For the past twenty-seven years I have had to rely on wearing hearing aids to "hear."  I remember my parents taking me to the ear doctor and him saying that I needed hearing aids to be able to hear.   I was mortified as I was already struggling to "fit in" in my 3rd grade class  It was already so difficult knowing that I was so different from everyone else in my class, and this was just another level of "different."  I remember being teased all of the time, and and how much I missed out on conversations, and activities because I was "deaf."  

These days I am thankful that I am able to hear with the help of hearing aids  I am thankful that my being "deaf" isn't as horrible as it could be, as with hearing aids I am able to "hear" at a functioning level.  I never needed to learn sign language.  I am thankful that if a person didn't know I wore hearing aids, I would appear "normal."

As I was reading this morning GOD revealed to me that while I have been blessed by the assistance of hearing aids in being physically "deaf," I needed to understand that in my past I have allowed myself to become "spiritually deaf."  HE let me know that all of the times I cried out to HIM, "LORD, why don't you hear me?"  HIS response was, "Heather, why aren't you listening to me?"  HE let me know that until I was willing to make HIM my number one priority I wasn't going to be able to hear HIM.  Eighty-three days ago, in my cries for help, I received HIS message, put HIM first and everything else will fall into place.  In choosing to carve out time for HIM everyday HE will show me how to live my life that day, and when I obey HIM, HE will take care of the rest.

As I was reading my book "Whispers" today I started thinking about what putting HIM first really means to me.  As I meditated on that thought I read these words: "The goal of the CHRIST following life is to grow to the point that we live in GOD's reality."  I know that without HIM leading me, my world is a very dark place.  I know that without HIM words harm me, and Satan completely wrecks my complete existence.  I know that in order to be truly CHRIST like I must turn my eyes an ears to Heaven and wait for HIM.  I must "be still."

I have learned that until I surrendered my life completely to HIM I wasn't able to hear HIM.  I know that had I not surrendered HIS Daily Teachings wouldn't have been possible.  I know that in order to share HIS Daily Teachings with others I must first dedicate at least one hour a day to reading HIS word, and waiting for HIM to teach, lead, and guide me.  I must align my thoughts and actions to HIS will for my life.  I know that none of this is possible without my alone time with HIM.  I know that when I don't have alone time with HIM, my day is usually a complete train wreck.  The Bible teaches us that even JESUS withdrew from the crowds to be alone with HIS Father.  JESUS knew that in order to truly hear what HE was being told, HE had to have alone time to be in prayer with HIS Heavenly Father.

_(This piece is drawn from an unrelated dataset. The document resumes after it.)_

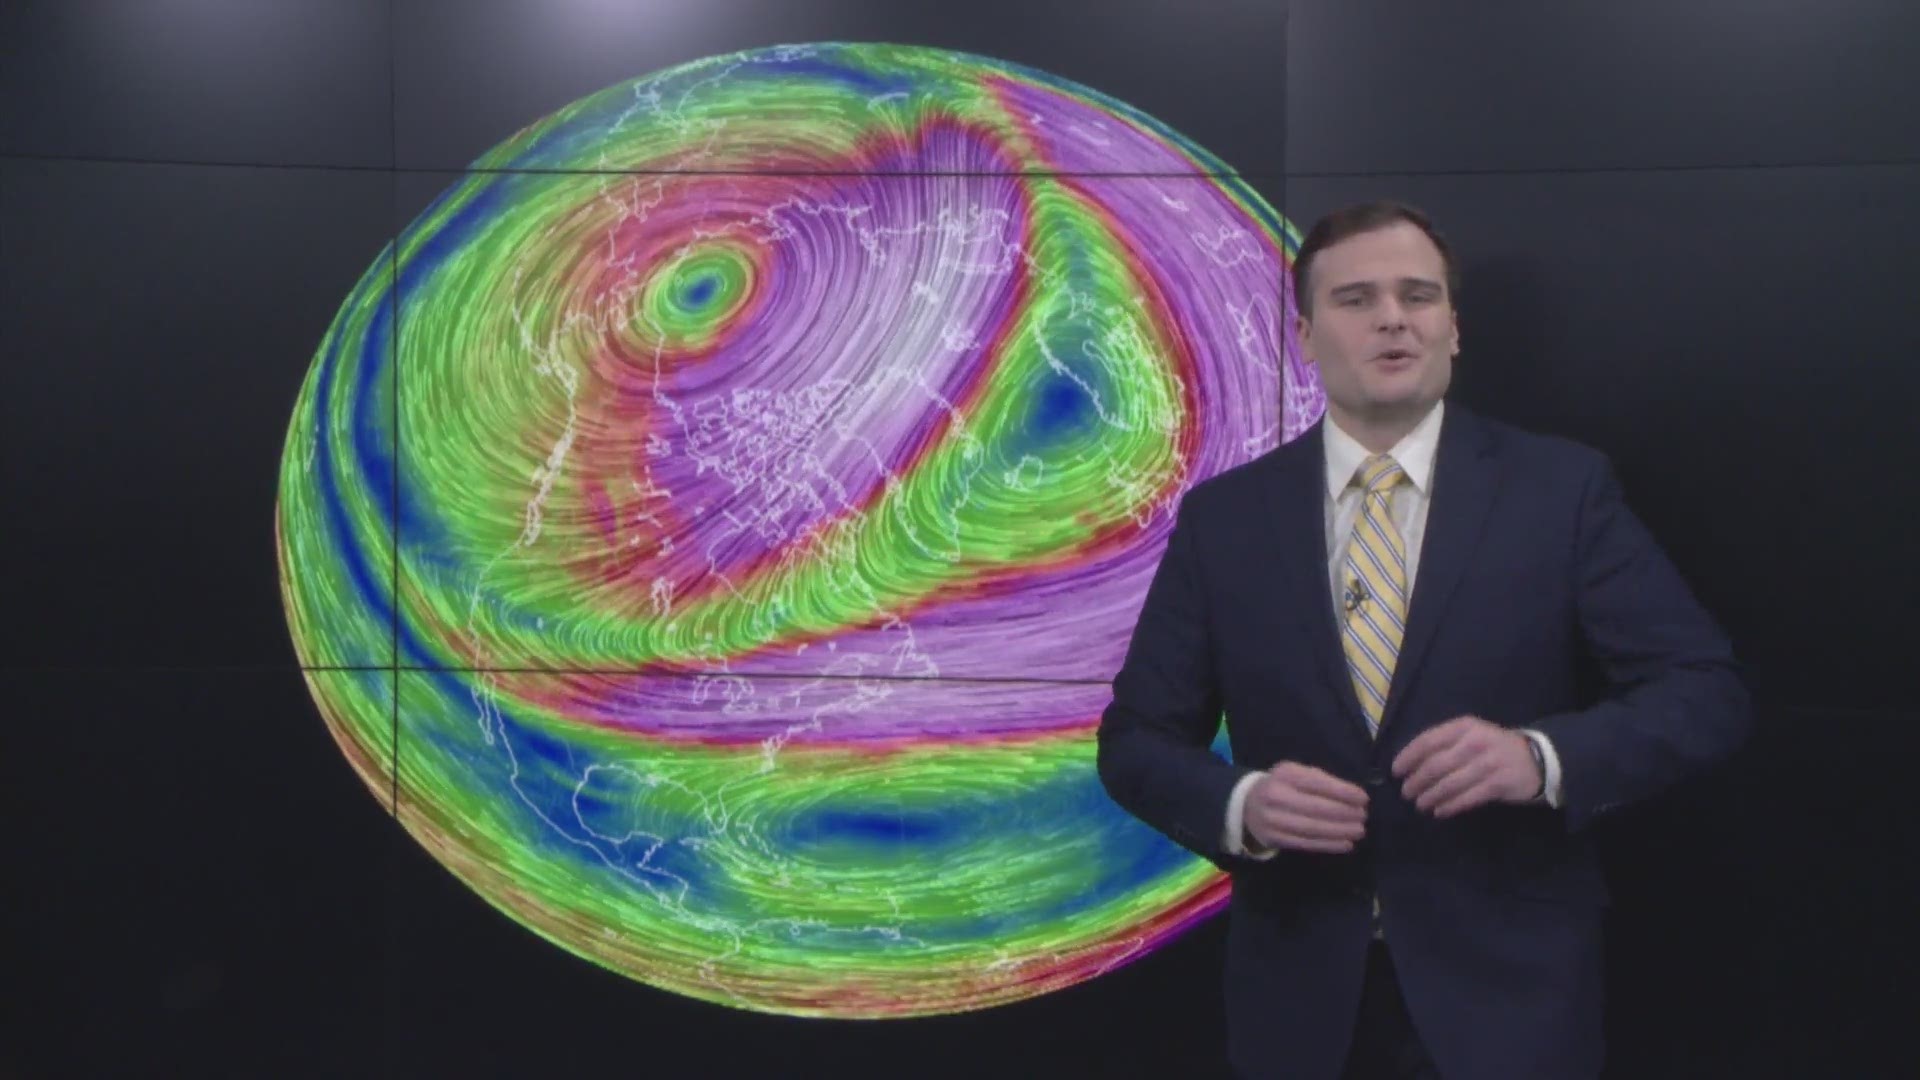 A polar vortex is a constant area of low pressure located over the poles that is strongest during the winter months.

"Very early in the morning, while it was still dark, Jesus got up, left the house and went off to a solitary place, where he prayed." Mark 1:35

I know in my heart that HE is asking me to do just as JESUS did in making time for HIM in my early mornings.  It has been in those times when my children and husband are asleep that HE has taught me some of the greatest lessons I have ever learned.  It has been through those times where I have learned what HIS true purpose is for my life.  It has been in the early morning hours that I am filled with HIS grace, HIS love, HIS promise, HIS forgiveness, HIS truth, HIS word, HIS hope, without each of those things I wouldn't be where I am today.

I know that HIS Daily Teachings is a result of not allowing myself to be spiritually "deaf" any longer.  I know it is because of my daily discipline and obedience that I am able to share HIS words, and HE is able to reach so many lost and broken people through my story.  I know that if I ever doubt in whether or not I am doing the "right" thing all I have to do is look at how my story has impacted so many lives.  

I have learned that because GOD loves me, HE "whispers" to me daily and it is those "whispers" that give me the courage and confidence to be the wife, mother, and woman of GOD that HE has called me to be.  It has been HIS "whispers" that have given me the courage to speak with confidence of who my SAVIOR is, and to not be ashamed of my faith.  It has been through HIS "whispers" that I am no longer trapped in being spiritually "deaf" and now because I am hearing HIM, HE is using my life as a living testament of just how AMAZING HIS grace truly is.

I pray today that you will silence your inner "noise," so that you will be able to hear HIS "whispers."  I pray today that you will open the door to your heart and let HIM in.  I pray today that you will choose to make HIM a priority in your life, and that you will let go of being spiritually "deaf."  I pray today that you will receive the freedom to truly live your life through your discipline and obedience for HIM.